My Father died recently and a Singer 206 came my way. I remember it being purchased when I was a child possibly 1952 or 1953. Before I ditch it, is it worth anything?

Ed Lamoureux said...

Marilyn, your memory is good, the Sewing Machine Blue Book shows the Singer 206 being manufactured 1950-1953. They don't bring a lot, no recent sales on eBay to gauge, but I would estimate in the $50-$75 range. However, a set of common accessories for the 206 sold on eBay for over $43, so you could have more value in accessories than in the machine itself. - Ed

Dianne B. in England said...

Hi Ed, I'm sorry you have had so much trouble with your 319. I have an identical machine in the lovely green colour, but mine is perfect. She's not noisy at all and stitches smoothly and easily. Her embroidery stitches are comparable to those of modern computerised machines. I am wondering if the difference between our machines could be the place of manufacture? I am in England, and my machine is a 319K, made in Clydebank, Scotland, at Singer's Kilbowie Factory. I have enjoyed reading your blog and have bookmarked it so I can come back and read more. Thanks for sharing your experiences! :)

Anonymous said...

I loved my 319W until the zig zag stopped working. . .
I fear you may be right.
-Susan

zees5 said...

I am supposed to pick up a 206k tomorrow and this is the first bad review I have seen. So I will be sure to test drive it thoroughly.

Nobody has mentioned this yet, but the 206 was originally an industrial machine first produced in the 30's. It was later marketed to the general public in the 50's so perhaps its industrial roots explain the noise??? ~Page

zees5 said...

PS Now, I'm really confused - check out this review:

http://zigzaggers.typepad.com/zigzaggers/2010/02/singer-206.html

I'll check back. ~Page

Ed Lamoureux said...

Page, I don't subscribe to the industrial theory.

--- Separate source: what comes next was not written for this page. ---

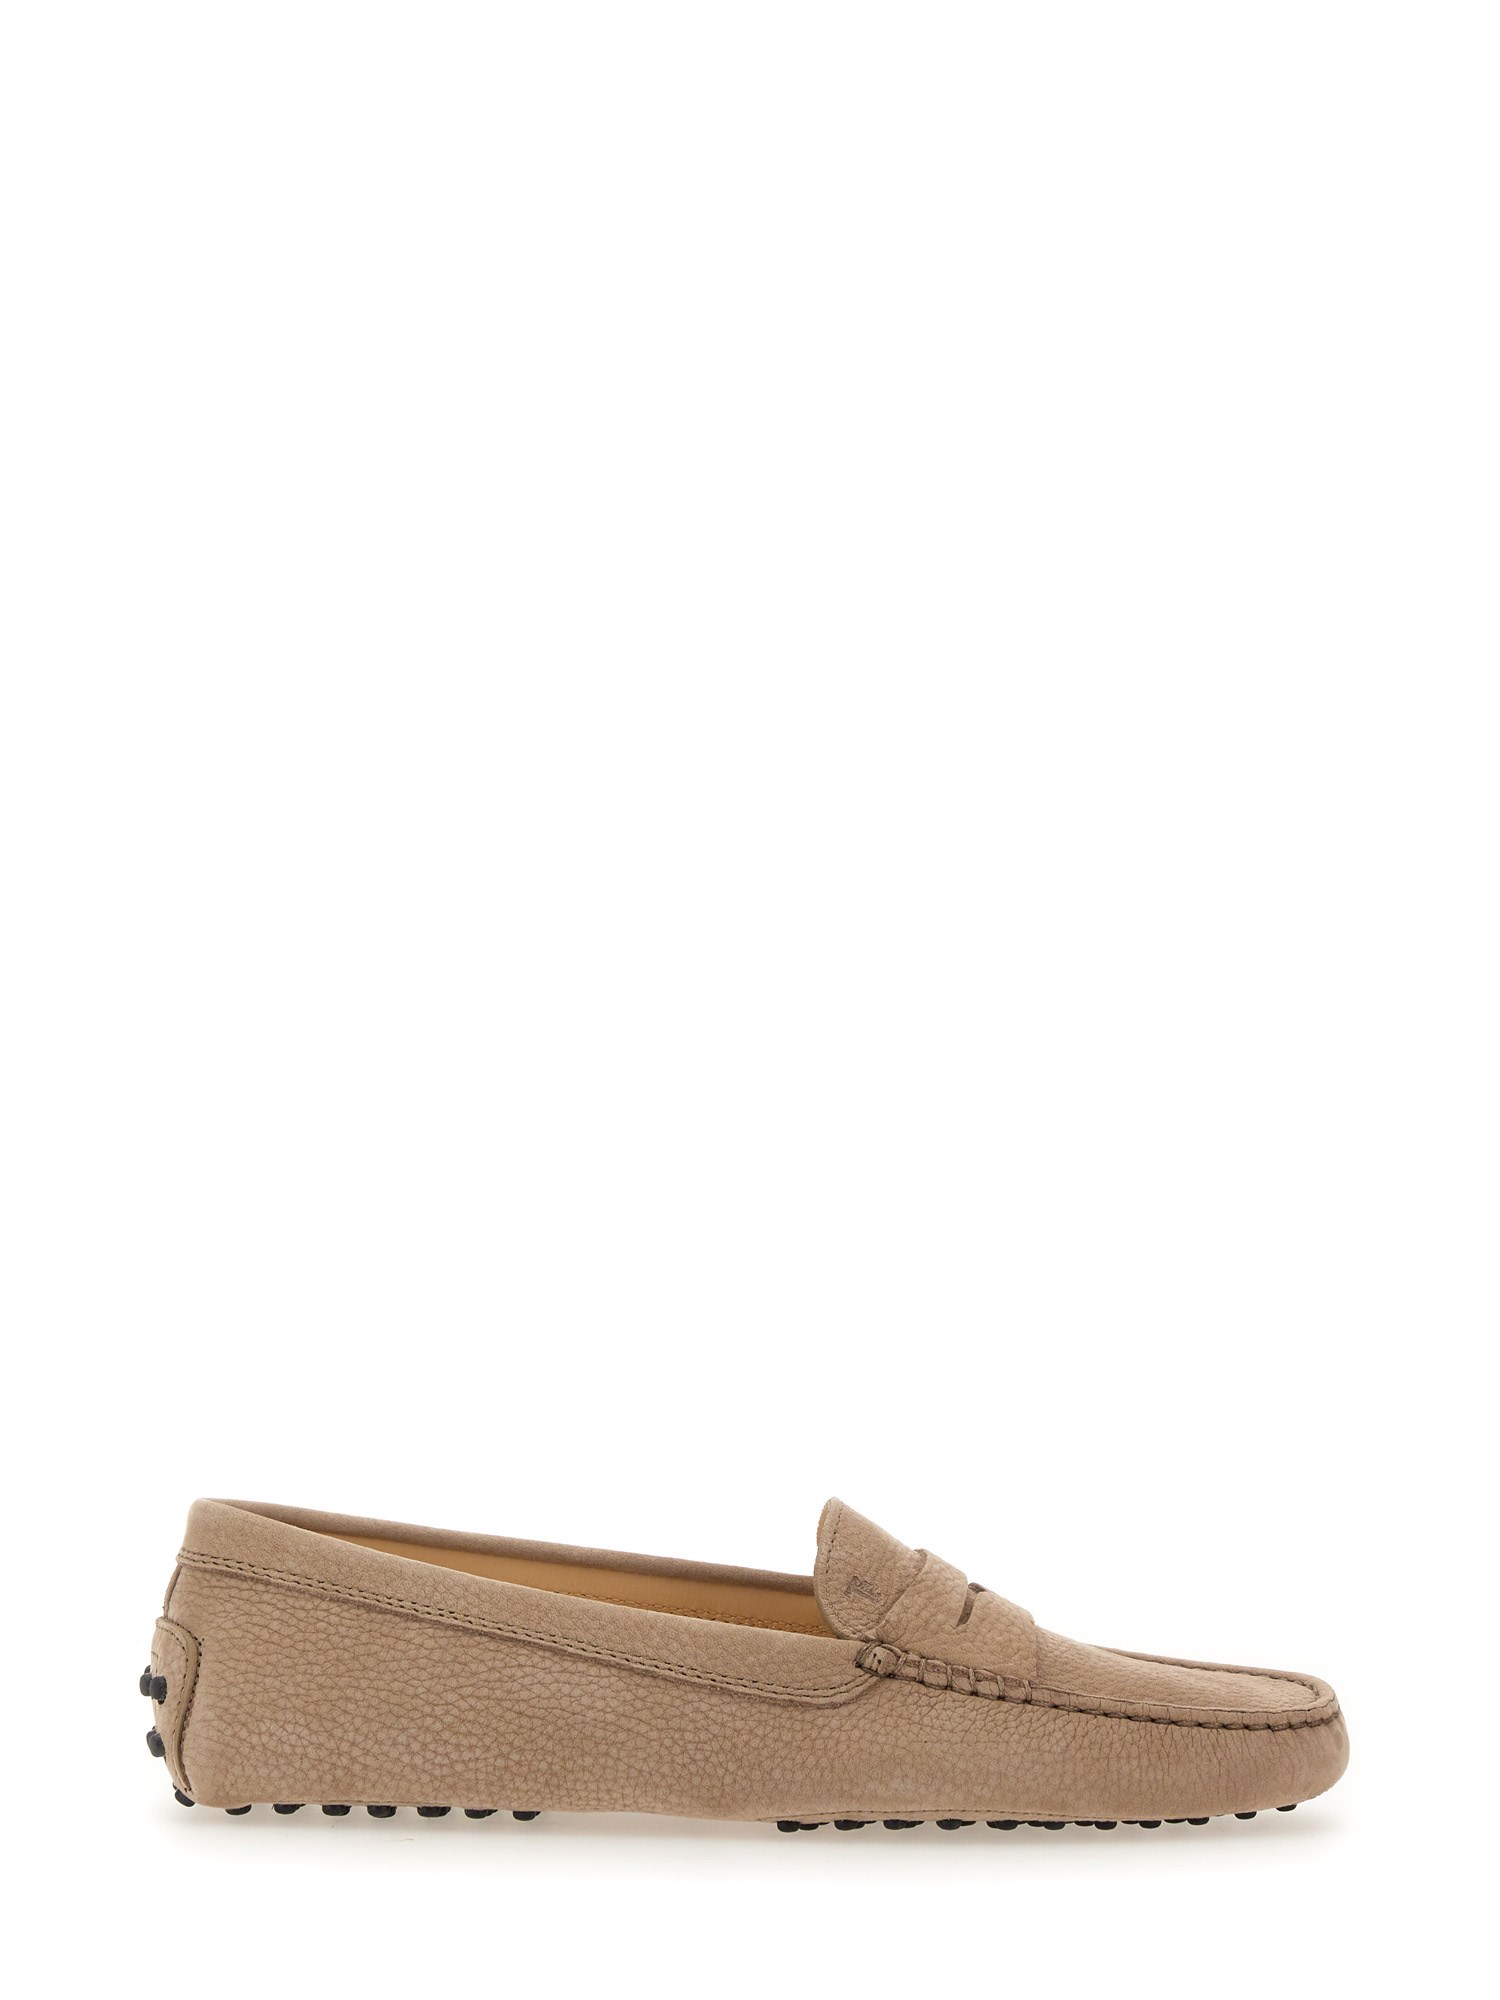 TOD'S RUBBERIZED MOCCASIN

Industrial machines for the most part are larger, heavier, and more sturdily built than a 206. Furthermore, my industrial machines are smooth-running and quiet, not rough and noisy like the 206 Class machines. No professional sewing machine operator would want to sit at a 206 all day. - Ed

Ed Lamoureux said...

"PS Now, I'm really confused - check out this review:"

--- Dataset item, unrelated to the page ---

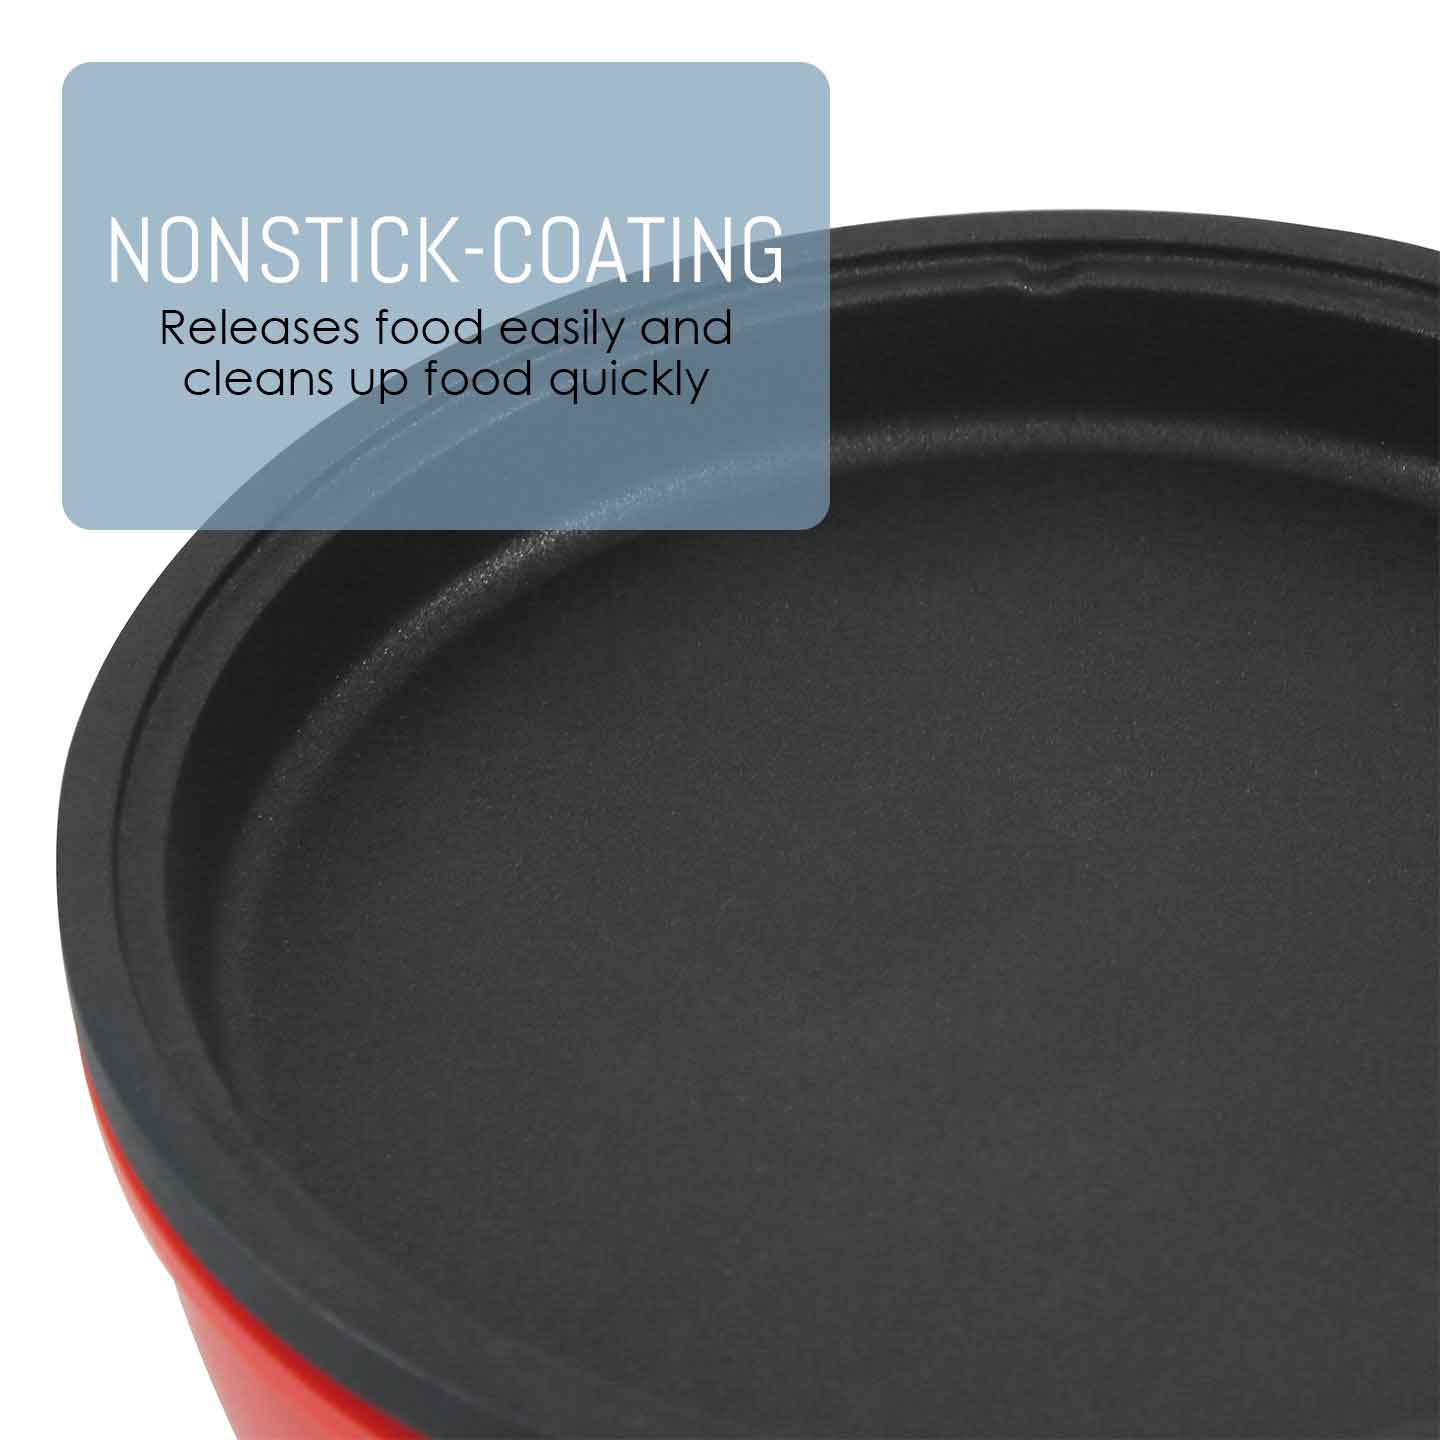 Elite Cuisine 12X12 Non-Stick Electric Skillet with Glass Lid - Black NEW

I checked it out: "...not perfectly silent..."; "...awkward position of the bobbin..."; "...specifies the more expensive 206x13 needle...". I think that is pretty much what I said and the reasons I don't like the 206/306/319. - Ed

Stephanie Newman said...

Funny that some like what other hate. For the record I am quite partial to my 319K out of vintage interest really... but it also sews nicely- quietly, smoothly and reliably. Mine is a Kilbowie green model so I wonder if different manufacturing plants have a part to play in their performance? Mine has had its bobbin case altered and I have had no nicks or deflections yet- but then I don't sew denim with it-not because it can't but because I've not had the machine in use when hemming jeans.
Its a case of I use it now and then for vintage fun and enjoy piecing quilt tops now and then on it. Yes the bobbin case is abit awkward the first few times to put in and remove, and the needle plate is abit tight to change over...but both these are less so than a semi industrial I use sporadically that loads on the end. And somehow those levers and cams on the 319k have a charm all of their own I find hard to resist.
If there's one thing I don't like is how hot the housing around the lightglobe gets, so I use my left hand to lift the presserfoot to avoid burning fingers-this is a problem with many vintage machines though.
For sewing with now and then I find its a nice bit of good old fashioned fun and I do appreciate her art deco appeal.
Just for the record, I'm a Bernina lover.

Camomille said...

Ed,
I'm a belgian reader who recently discovered your blog. I am the owner of a 319k, not with a motor, but to handle with your feet (I don't know the words in English).
I bought the Fashion discs on the internet (i still have to receive them) last week and now the machine is not working very well any more...
The needles break one after the other, first they bend (?) and then they break, the stitching underneat is much too loose, i've already changed all the tensions, but it doesn't work anymore...
BUT apparantly, I use the wrong needles! I hope that was the problem, I'm going to search for 206x13 needles somewhere here (but I only find them in the UK so far...) Thanks for your post!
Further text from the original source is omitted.